Putting out free Digital Forensics and Incident Response (DFIR) content, be it blogs or tweets, is a time consuming endeavor for sure. Even my blog and its basic DFIR content, which I work on my free time, takes me hours to just finish one post. This fact made think of those who create more frequent and extensive heavyweight content. I have lost count on how many times I have used information from the DFIR community in my case work. How can we thank these fine folks for the work they put in for us and most of the time for free? How can we motivate them to continue doing so?

How to say 'we got your back' to DFIR content creators.

1.     Say thank you.

Was something you learned useful? Tell the person so through a retweet, direct message or email. You might not be allowed to tell them how it helped you specifically in a case but most folks appreciate the knowledge that something they worked on and shared had an impact even if specifics might not be available. That being said if you can provide some details do it. There might be more to what you found useful that the person you are thanking might be able to tell you that you wouldn't have known otherwise if you hadn't reached out.

2.     Share and promote the work.

By sharing and promoting not only gives the content more impact and distribution but it might motivate others to also share their own work. For an example see here.

3.     Support their Patreon if they have one.

Time is not free. Hosting a website is not free. Equipment to record audio and/or video is not free. Editing software and DFIR tools are not free. Thanks to Patreon and other similar sites we can directly encourage and support these folks monetarily. Here are some DFIR content creators I support:

https://www.patreon.com/DFIRtraining

DFIR website by Brett Shavers and it contains a wealth of information. Being a Patreon supporter comes with awesome educational perks. Depending on your level of support you will have access to videos and even DFIR course content.

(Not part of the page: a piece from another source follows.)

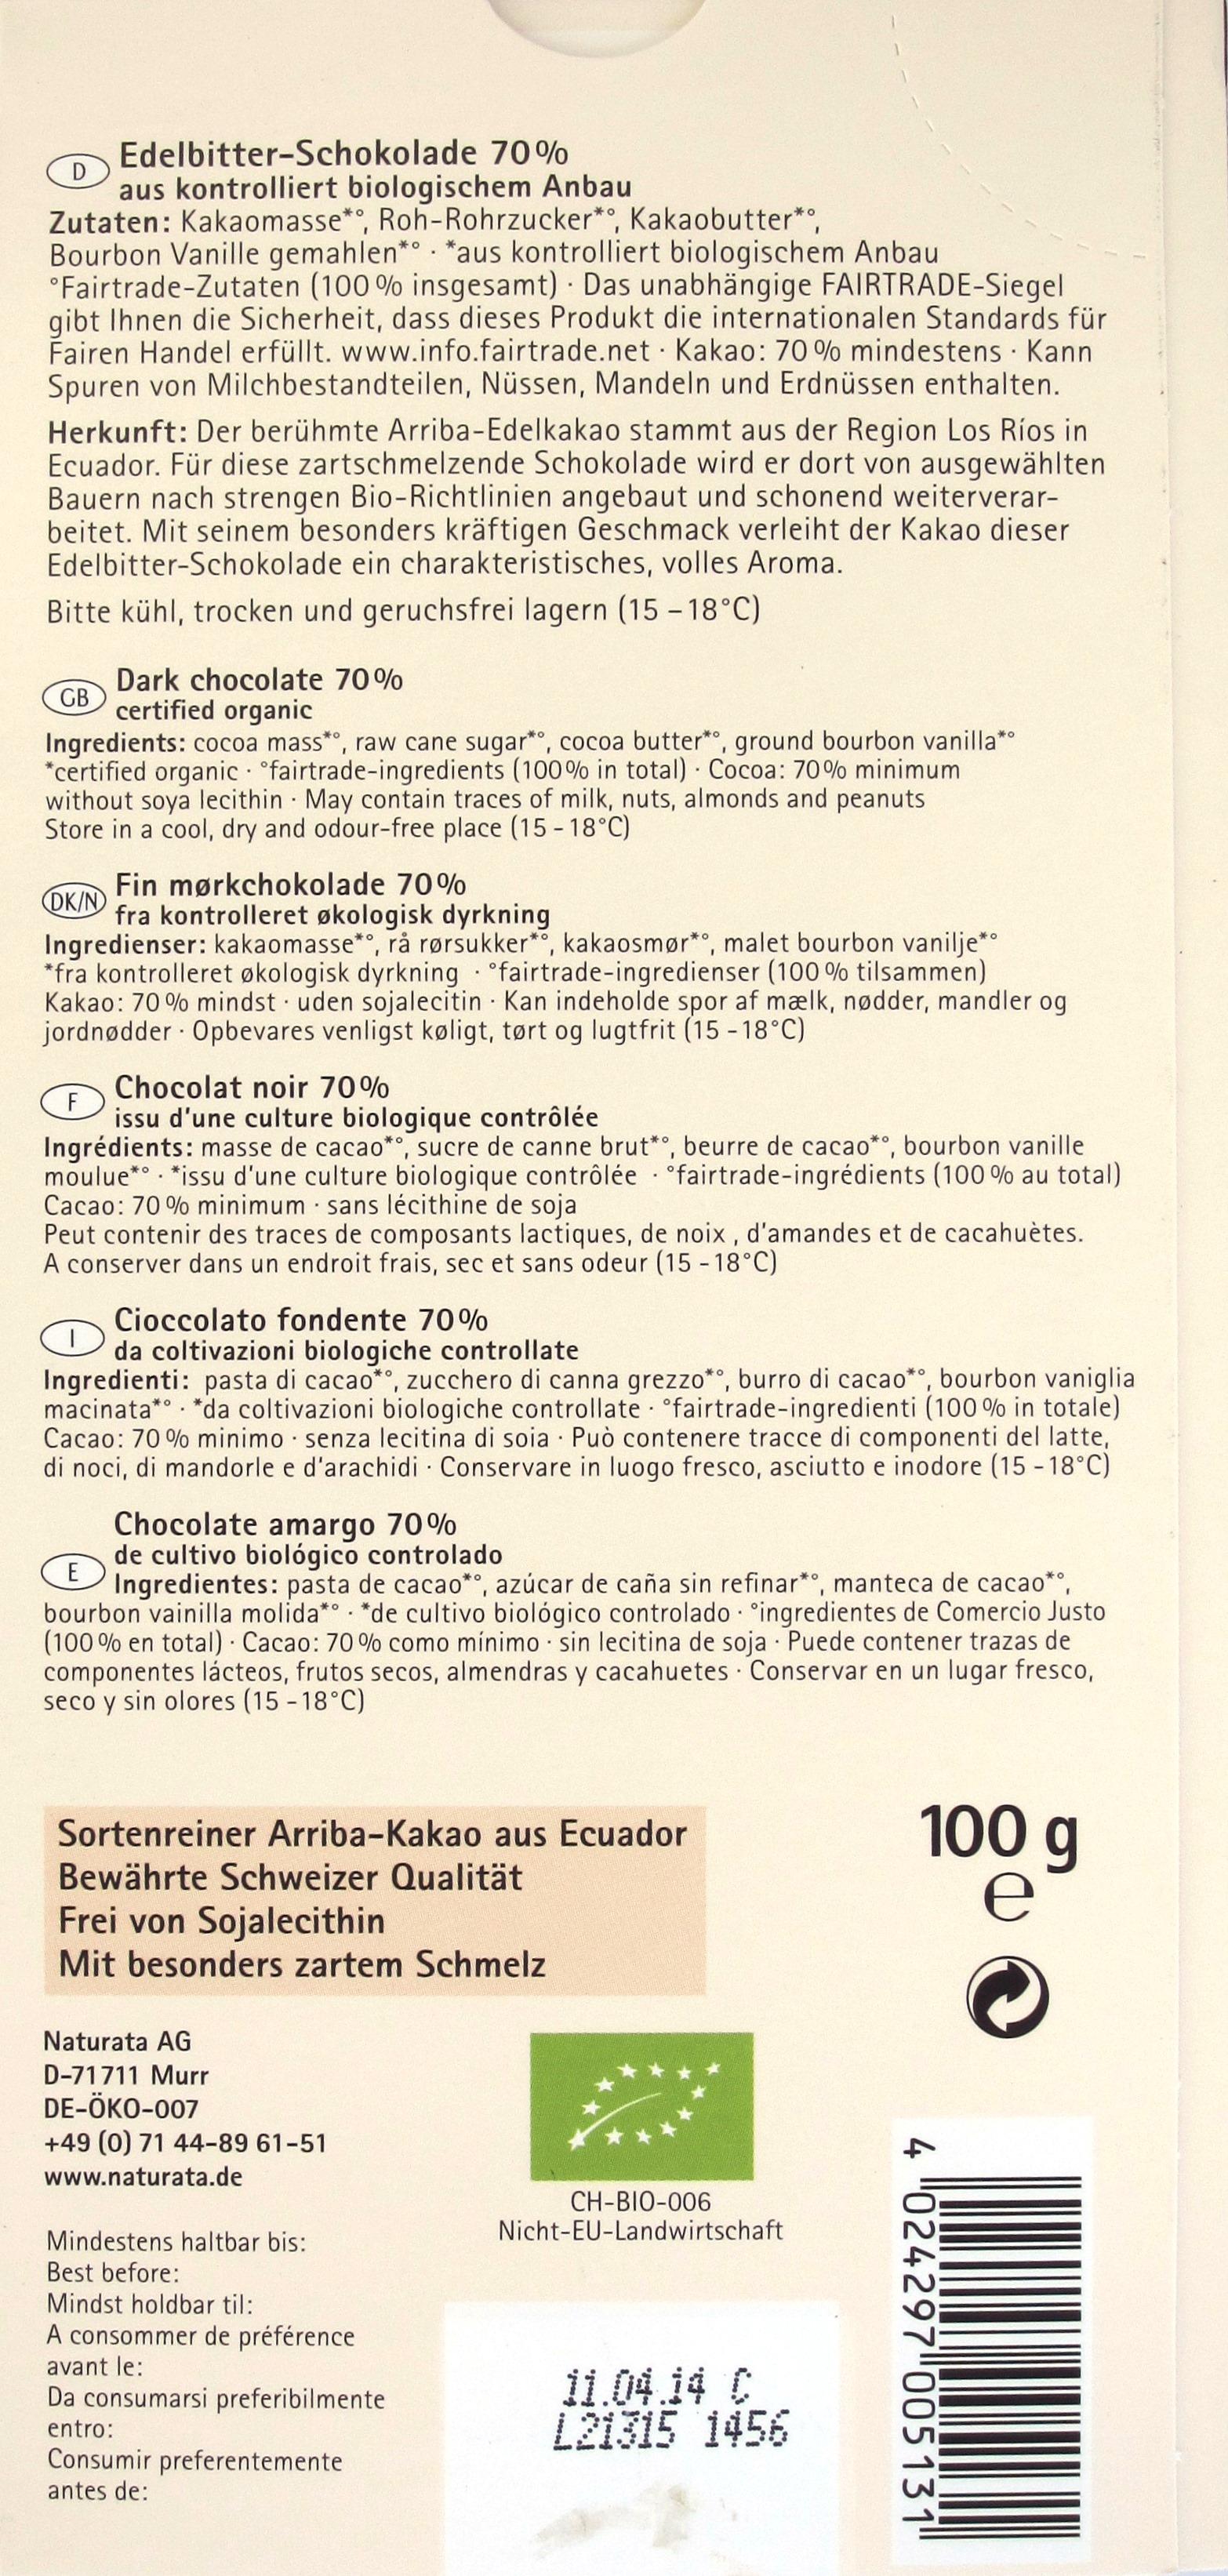 Naturata Ecador Edelbitter 70% Schokolade, Rückseite

https://www.patreon.com/thisweekin4n6

If you don't read Phill's weekly blog post and hear his monthly DFIR roundup, who are you? I think Phill has a time slowing machine that enables him to listen, read and then do a summary of all the latest happening in the DFIR space.

https://www.patreon.com/rallysecurity

Rally Security is an Information Security (Infosec) focused Twitch channel. Great group of known experts that discuss the latest in Infosec as well as interviewing interesting people in the field. The Twitch channel keeps a copy of each show if you missed one.

https://www.patreon.com/13cubed

Richard Davis creates great videos that showcase different DFIR techniques. Being able to see how something is done helps immensely. As an example check out his video on SRUM here.

4.    Buy their books but also review them.

Recently I have made the point of buying the books of people that are active in DFIR twitter/blogs. Great decision. Most of the time tweets and blog posts do not do justice to the research or work these individuals put in. When they sit down and write a book about it one can really benefit from all the details that do not fit in social media. Was the book useful? Leave a comment in Amazon or in your own twitter. Think others will benefit from knowing your take on the book? Make a review and post it on your blog. I am currently reading Harlan Carvey's new book titled Investigating Windows Systems and hope to have a review done soon.

Conclusion

A free resource is never actually free. People put their time, knowledge and even their hearts out there because the have a passion for this field. It is our ethical responsibility as beneficiaries of such efforts to encourage and support as many of these folks as we can, and if possible, become one of them too.